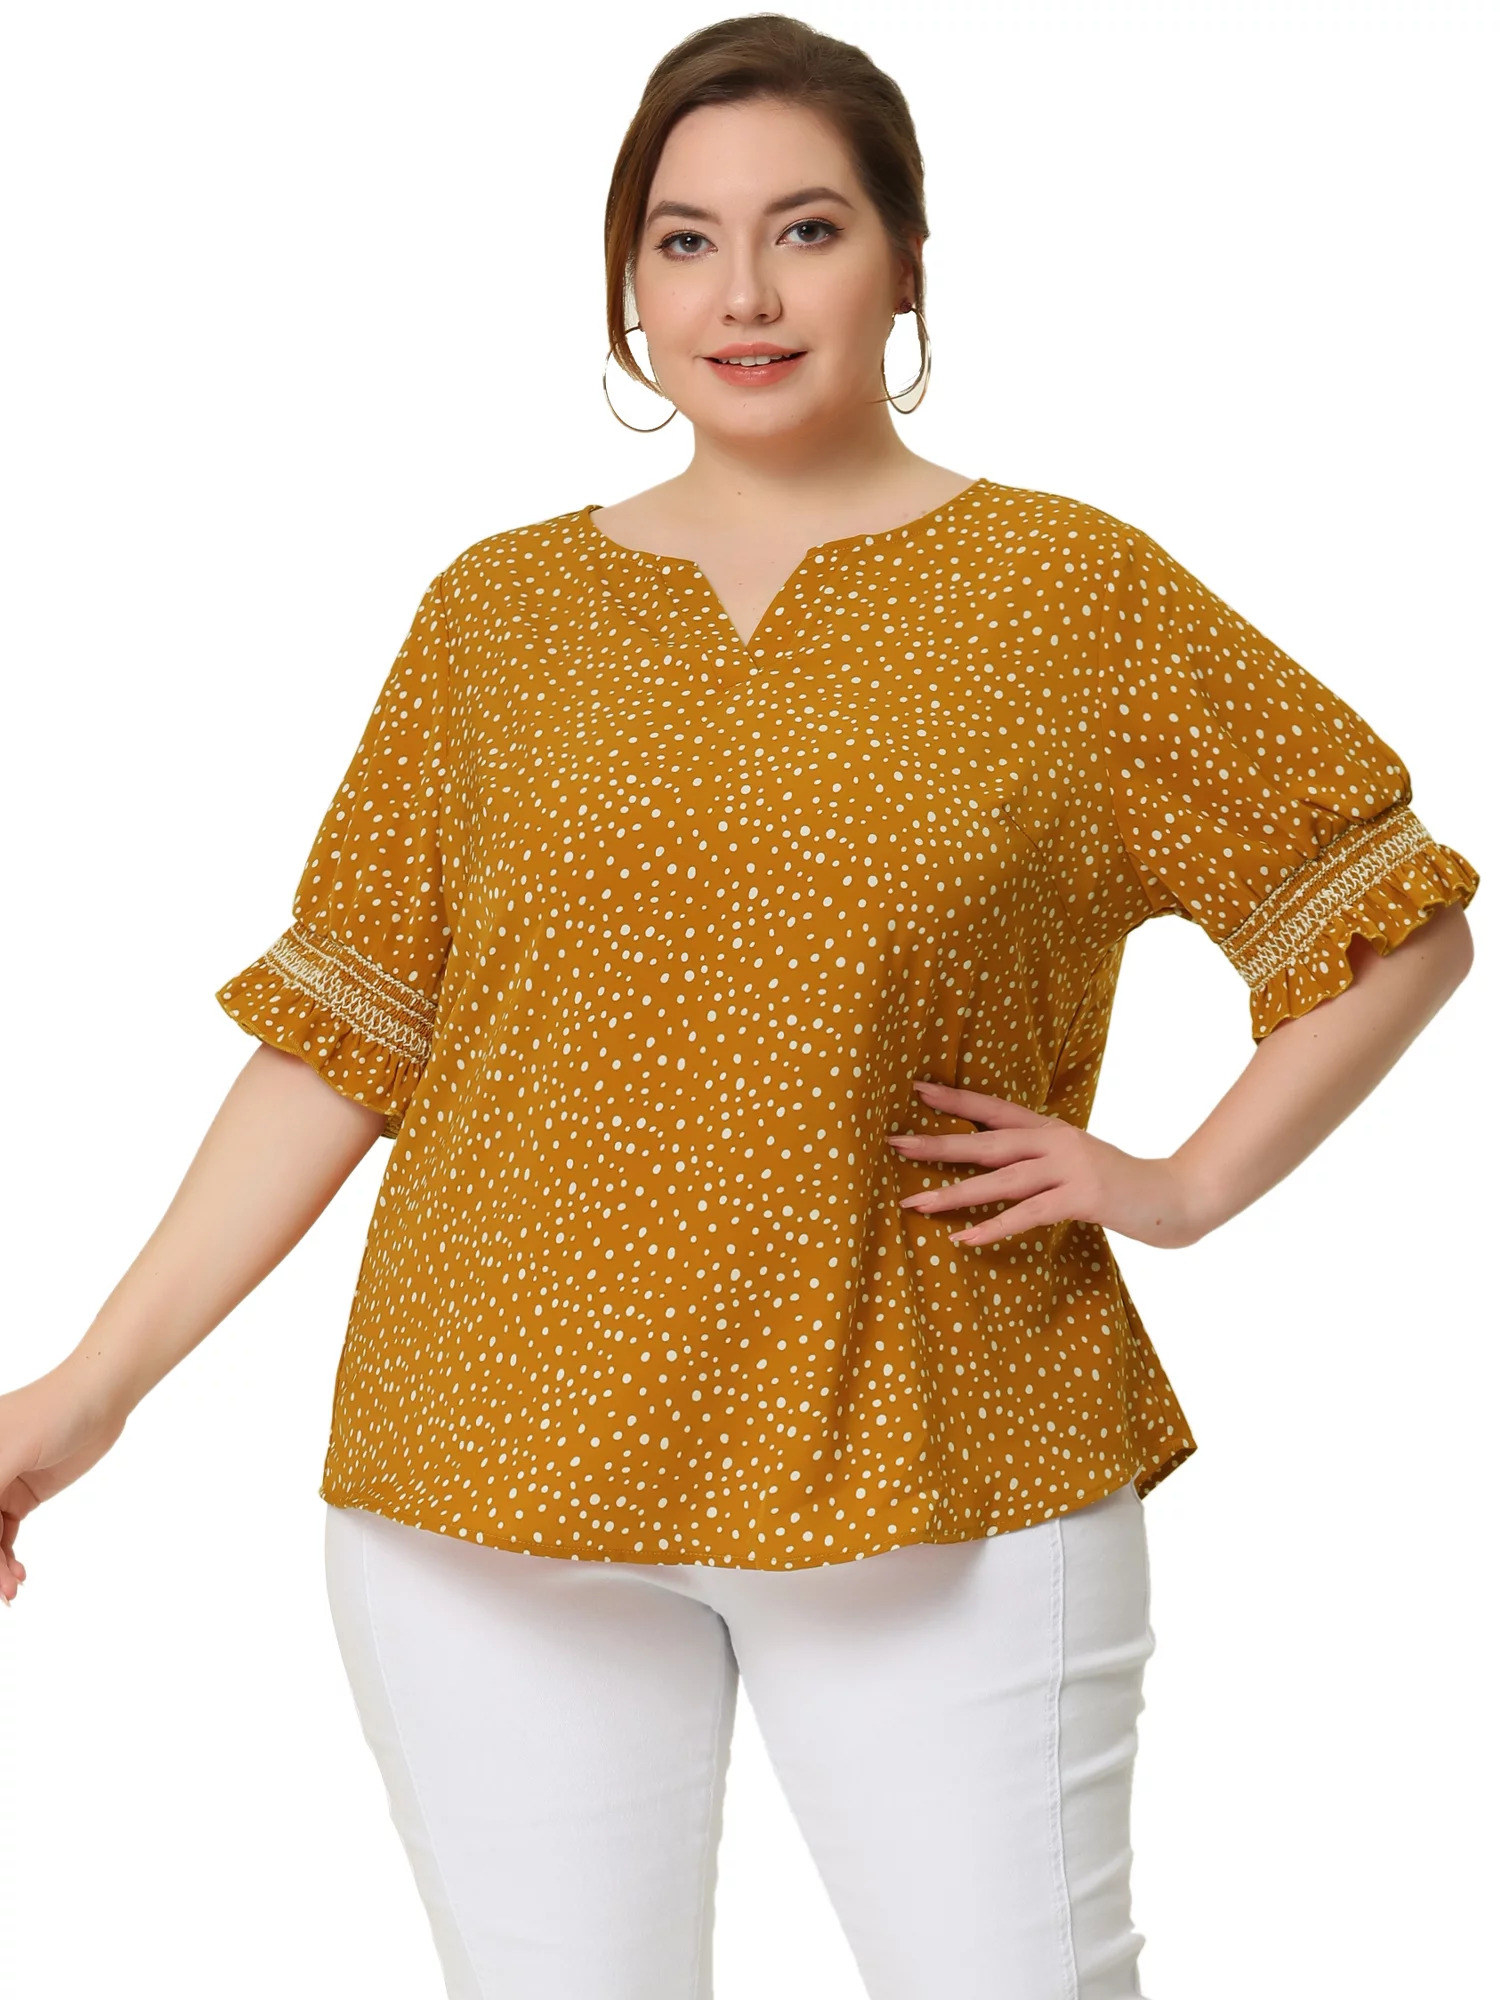 Model wearing the yellow blouse
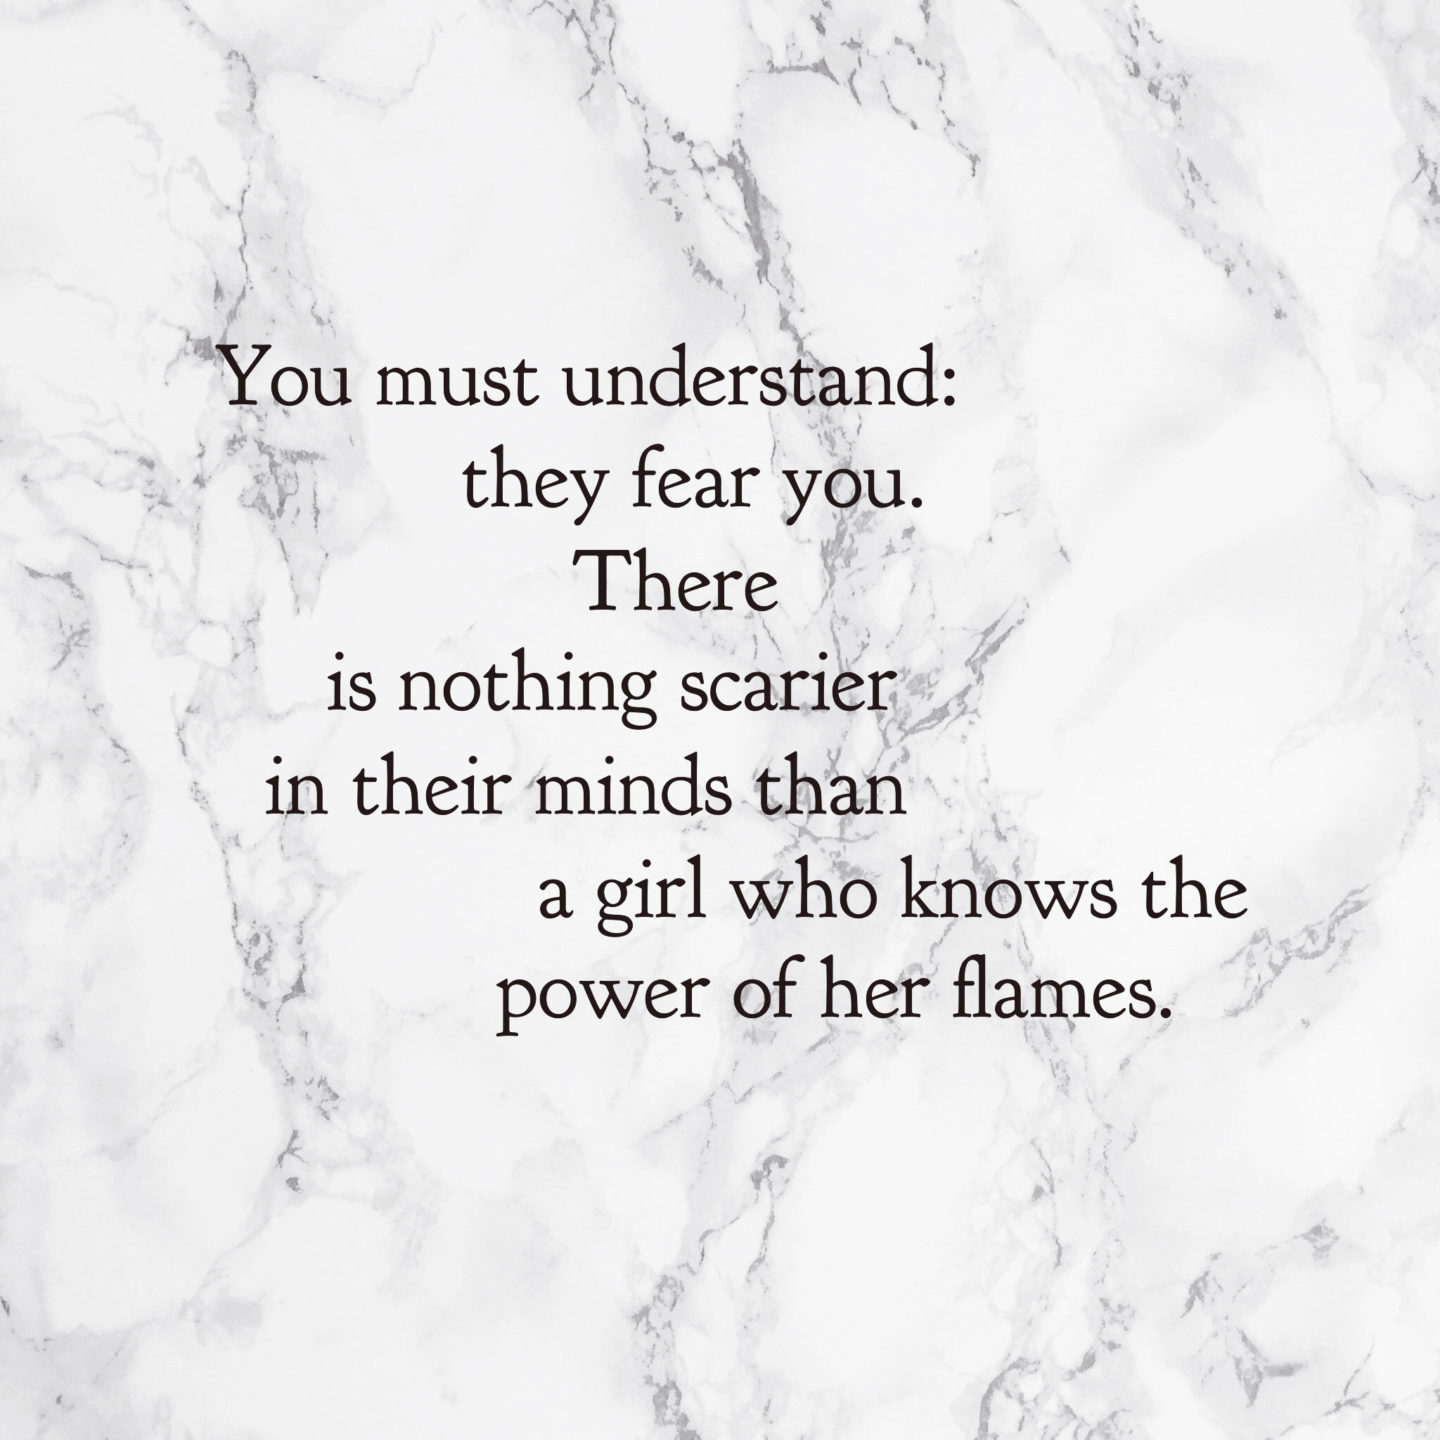 Know-Your-Power-quote-nikita gil
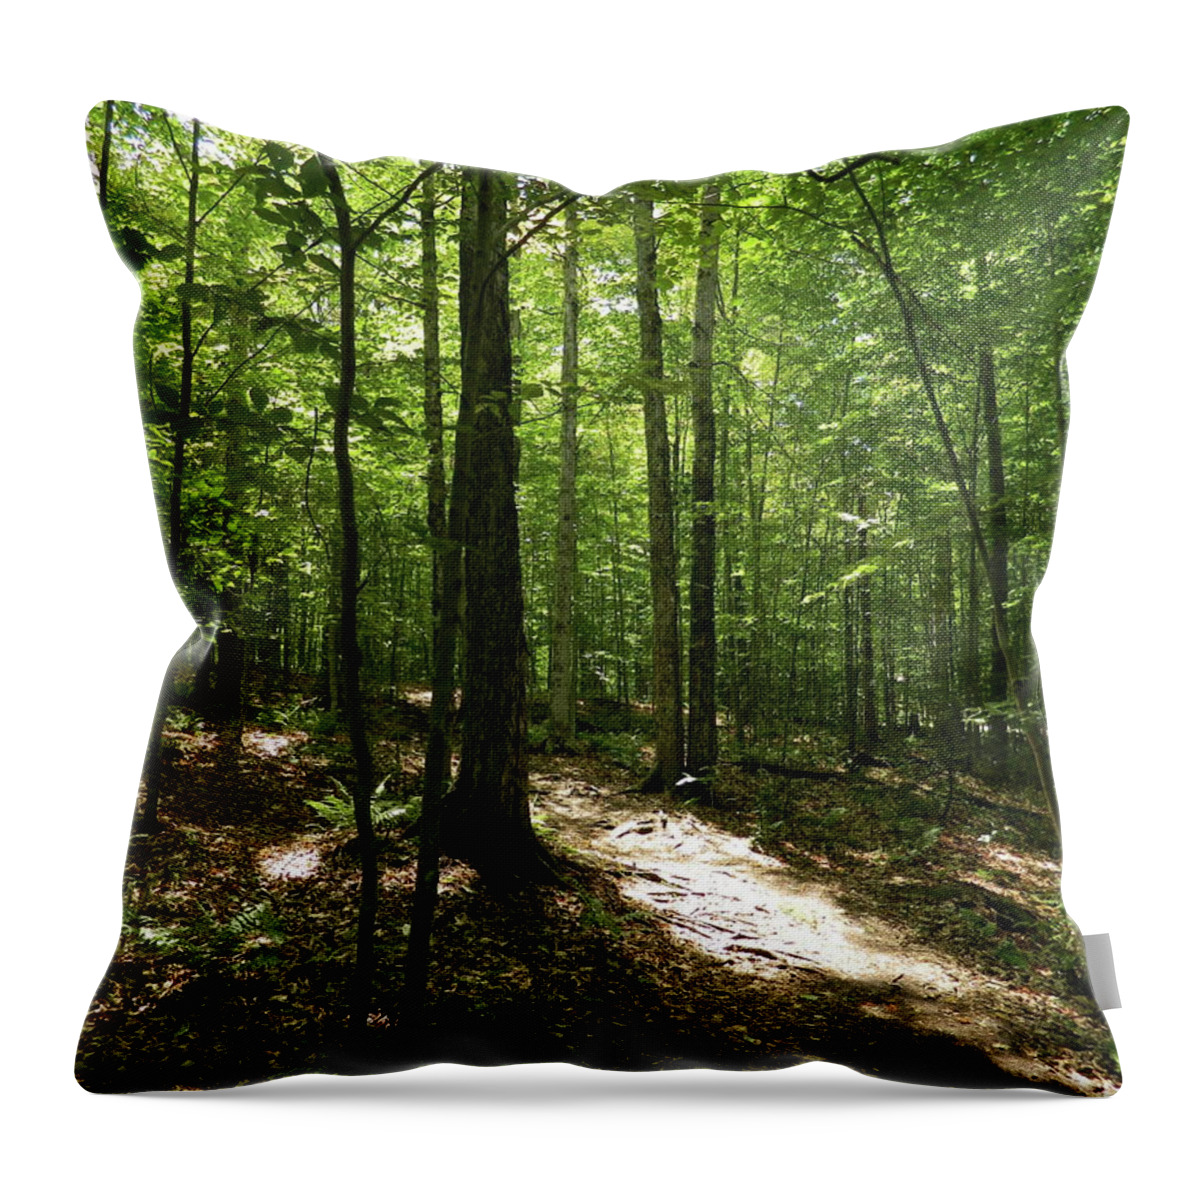  Throw Pillow featuring the photograph Trees-2 by Adrian Maggio

- - - -

→ WHAT TO DO
Return the listing above unchanged, apart from dropping its pictures.

→ EXERCISE OUTPUT
 Model wearing the yellow blouse
 Know-Your-Power-quote-nikita gil
  Throw Pillow featuring the photograph Trees-2 by Adrian Maggio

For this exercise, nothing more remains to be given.